FROM python:3.10-slim

WORKDIR /app

COPY requirements.txt .
RUN pip install --no-cache-dir -r requirements.txt

COPY app.py .

EXPOSE 5000

CMD ["python", "app.py"]

Create docker-compose.yml:

version: "3.8"

services:
  web:
    build: .
    ports:
      - "5000:5000"
    depends_on:
      - redis
    environment:
      - FLASK_ENV=development

  redis:
    image: redis:alpine
    volumes:
      - redis_data:/data

volumes:
  redis_data:

Run with:

docker-compose up --build

Service Dependencies and Health Checks

version: "3.8"

services:
  web:
    build: .
    depends_on:
      db:
        condition: service_healthy
    healthcheck:
      test: ["CMD", "curl", "-f", "http://localhost:5000/health"]
      interval: 30s
      timeout: 10s
      retries: 3

  db:
    image: postgres:15
    healthcheck:
      test: ["CMD-SHELL", "pg_isready -U postgres"]
      interval: 5s
      timeout: 5s
      retries: 5

Questions - Exercise 3

Q3.1 Create a Docker Compose configuration for a data processing pipeline with:

  • A Python data generator service

  • A Redis service for caching

  • A data processor service that reads from Redis

  • Proper service dependencies

Q3.2 Modify the previous example to use:

  • Custom networks for service isolation

  • Environment files (.env)

  • Volume mounts for data persistence

Q3.3 Create a Docker Compose file that starts a Jupyter Notebook server with:

  • Pre-installed data science libraries (pandas, numpy, matplotlib, sklearn)

  • Persistent notebook storage

  • Access to a shared data volume


Exercise 4: Data Pipelines with Shared Volumes [★★]

Shared Volumes for Container Communication

Shared volumes allow containers to exchange data through the file system.

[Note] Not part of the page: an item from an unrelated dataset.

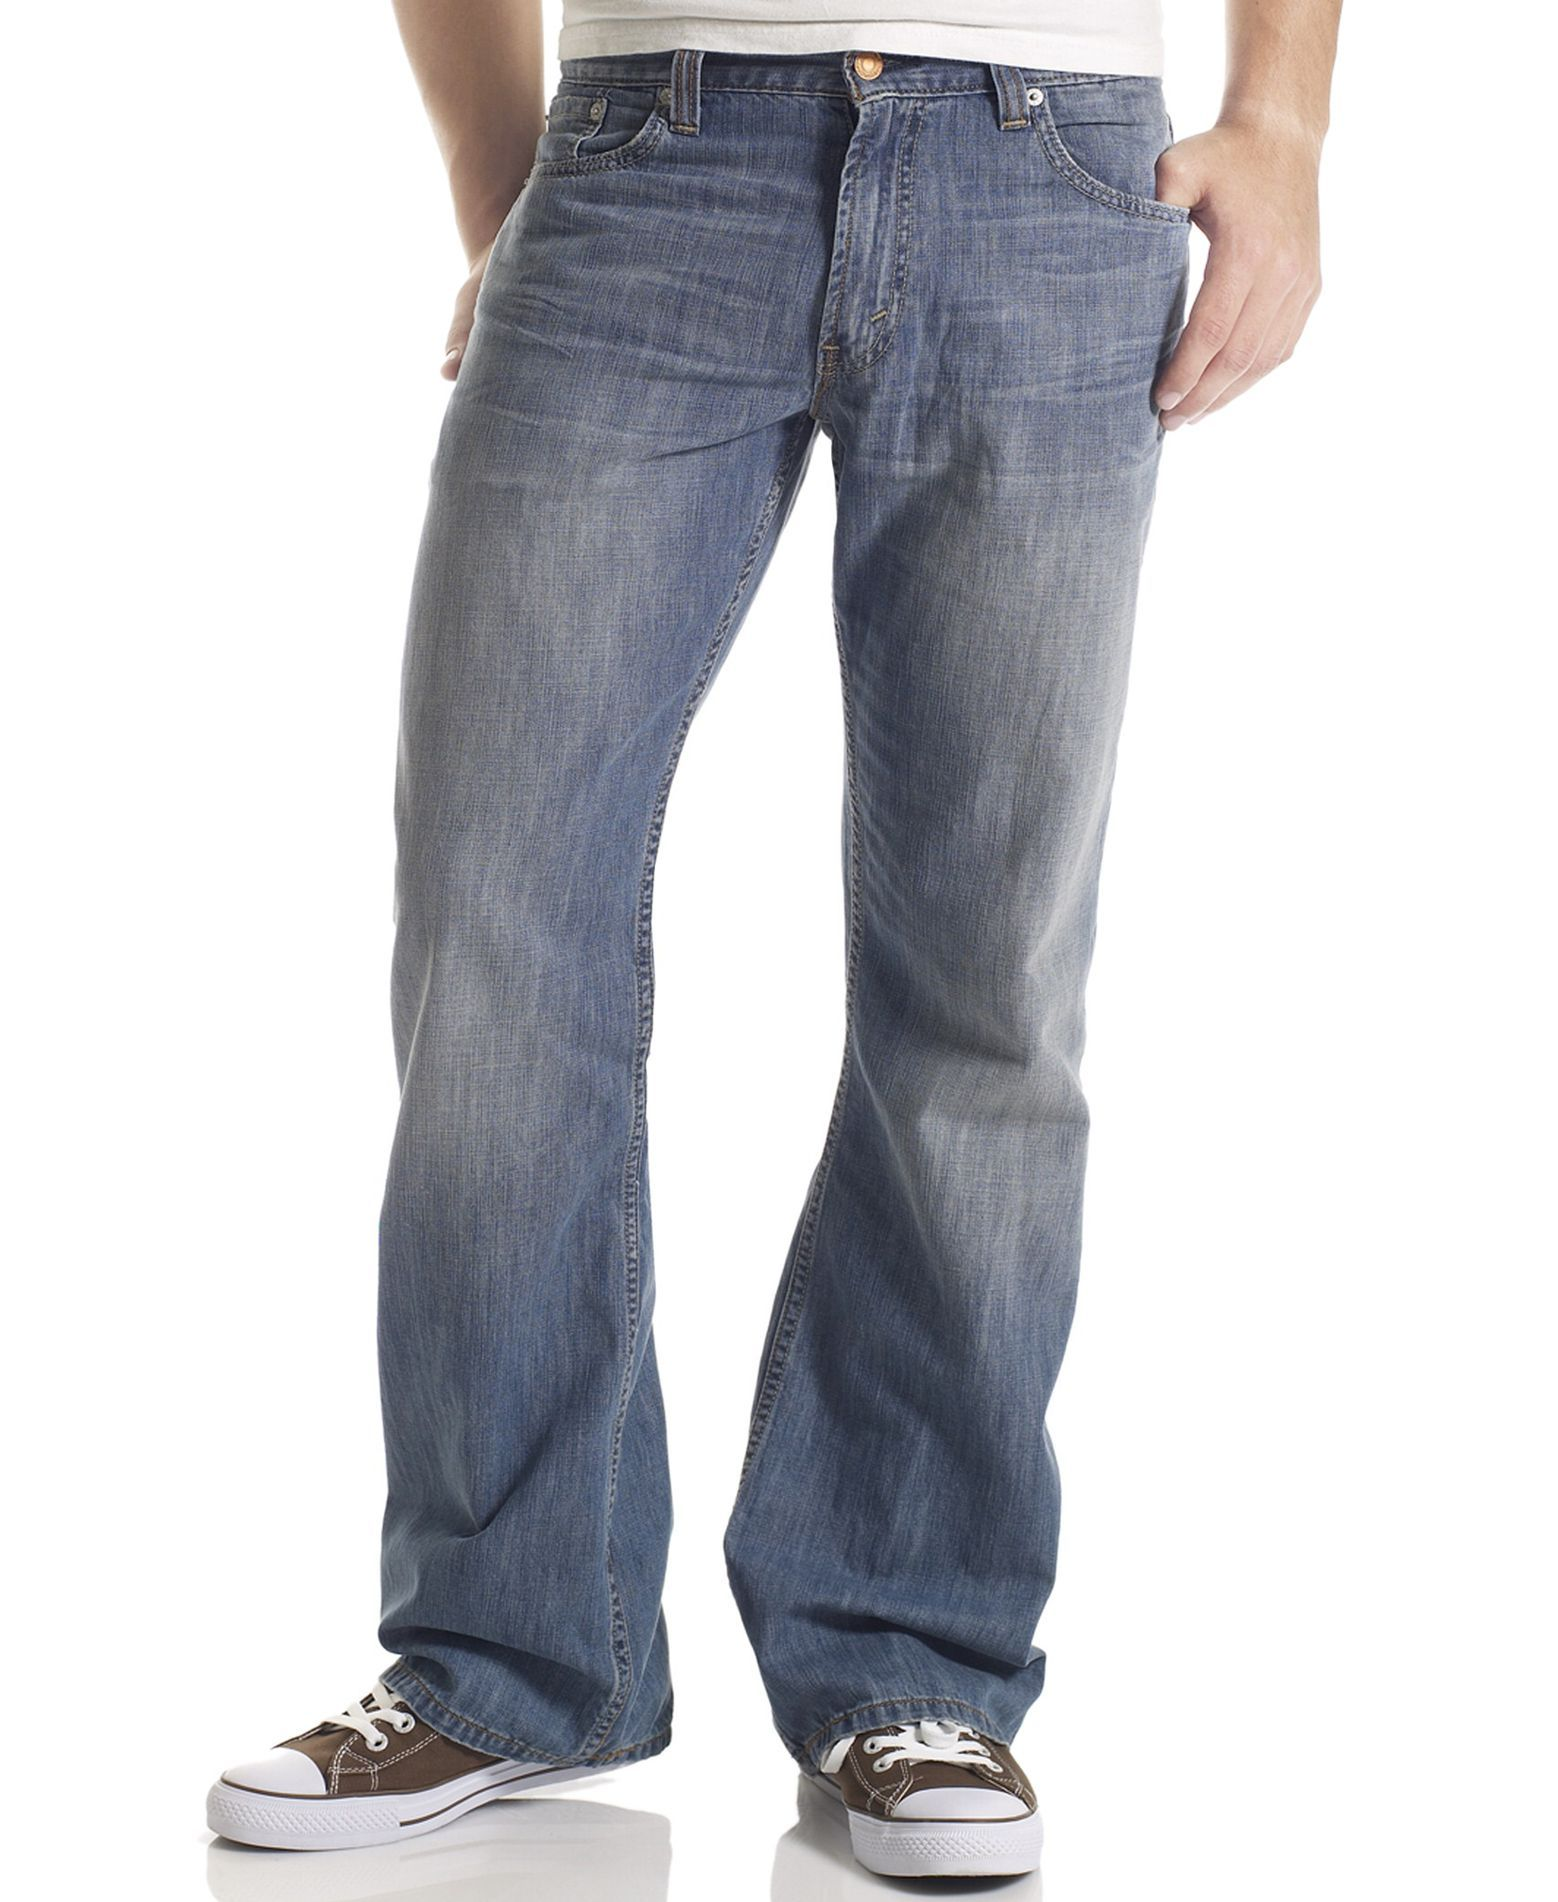 202873b844 Levi s 527 Slim Bootcut Fit Medium Chipped Wash Jeans

┌─────────────────┐       ┌─────────────────┐
│    Uploader     │       │    Processor    │
│    Container    │       │    Container    │
│                 │       │                 │
│   writes to     │       │   reads from    │
│   /shared       │       │   /shared       │
└────────┬────────┘       └────────┬────────┘
         │                         │
         └─────────┬───────────────┘
                   │
            ┌──────┴──────┐
            │   Shared    │
            │   Volume    │
            └─────────────┘

Example: File Processing Pipeline

Navigate to the SharedVolume folder in this practical:

cd SharedVolume

Examine the existing structure:

Uploader Service (Uploader/upload.py):

import time
from shutil import copyfile

def upload_file():
    while True:
        # Simulate uploading a new file every 5 seconds
        print("Uploading new file...")
        copyfile("sample.txt", "/shared/sample_uploaded.txt")
        time.sleep(5)

if __name__ == "__main__":
    upload_file()

Processor Service (Processor/process.py):

import time
import os

def process_files():
    while True:
        if os.path.exists("/shared/sample_uploaded.txt"):
            with open("/shared/sample_uploaded.txt", "r") as f:
                content = f.read()
            print(f"Processing: {content}")
            # Process the file...
            os.remove("/shared/sample_uploaded.txt")
        else:
            print("Waiting for files...")
        time.sleep(2)

if __name__ == "__main__":
    process_files()

docker-compose.yml:

version: "3.8"

services:
  uploader:
    build:
      context: ./uploader
    volumes:
      - ./shared:/shared
    depends_on:
      - processor

  processor:
    build:
      context: ./processor
    volumes:
      - ./shared:/shared

Run with:

docker-compose up --build

Enhanced Data Pipeline Example

Create a more sophisticated data pipeline:

data_generator.py:

import json
import time
import random
from datetime import datetime

def generate_data():
    counter = 0
    while True:
        data = {
            "id": counter,
            "timestamp": datetime.now().isoformat(),
            "sensor_id": f"sensor_{random.randint(1, 10)}",
            "temperature": round(random.uniform(20, 35), 2),
            "humidity": round(random.uniform(30, 80), 2)
        }
        
        filename = f"/shared/input/data_{counter}.json"
        with open(filename, 'w') as f:
            json.dump(data, f)
        
        print(f"Generated: {filename}")
        counter += 1
        time.sleep(2)

if __name__ == "__main__":
    import os
    os.makedirs("/shared/input", exist_ok=True)
    generate_data()

data_processor.py:

import json
import os
import time

def process_files():
    os.makedirs("/shared/output", exist_ok=True)
    
    while True:
        input_dir = "/shared/input"
        if os.path.exists(input_dir):
            files = [f for f in os.listdir(input_dir) if f.endswith('.json')]
            
            for filename in files:
                filepath = os.path.join(input_dir, filename)
                
                with open(filepath, 'r') as f:
                    data = json.load(f)
                
                # Process the data
                data['processed'] = True
                data['temp_fahrenheit'] = round(data['temperature'] * 9/5 + 32, 2)
                
                # Write to output
                output_path = f"/shared/output/processed_{filename}"
                with open(output_path, 'w') as f:
                    json.dump(data, f, indent=2)
                
                # Remove input file
                os.remove(filepath)
                print(f"Processed: {filename}")
        
        time.sleep(1)

if __name__ == "__main__":
    process_files()

Questions - Exercise 4

Q4.1 Extend the SharedVolume example to:

  • Add a third service that aggregates processed files

  • Generate statistics (average temperature, humidity by sensor)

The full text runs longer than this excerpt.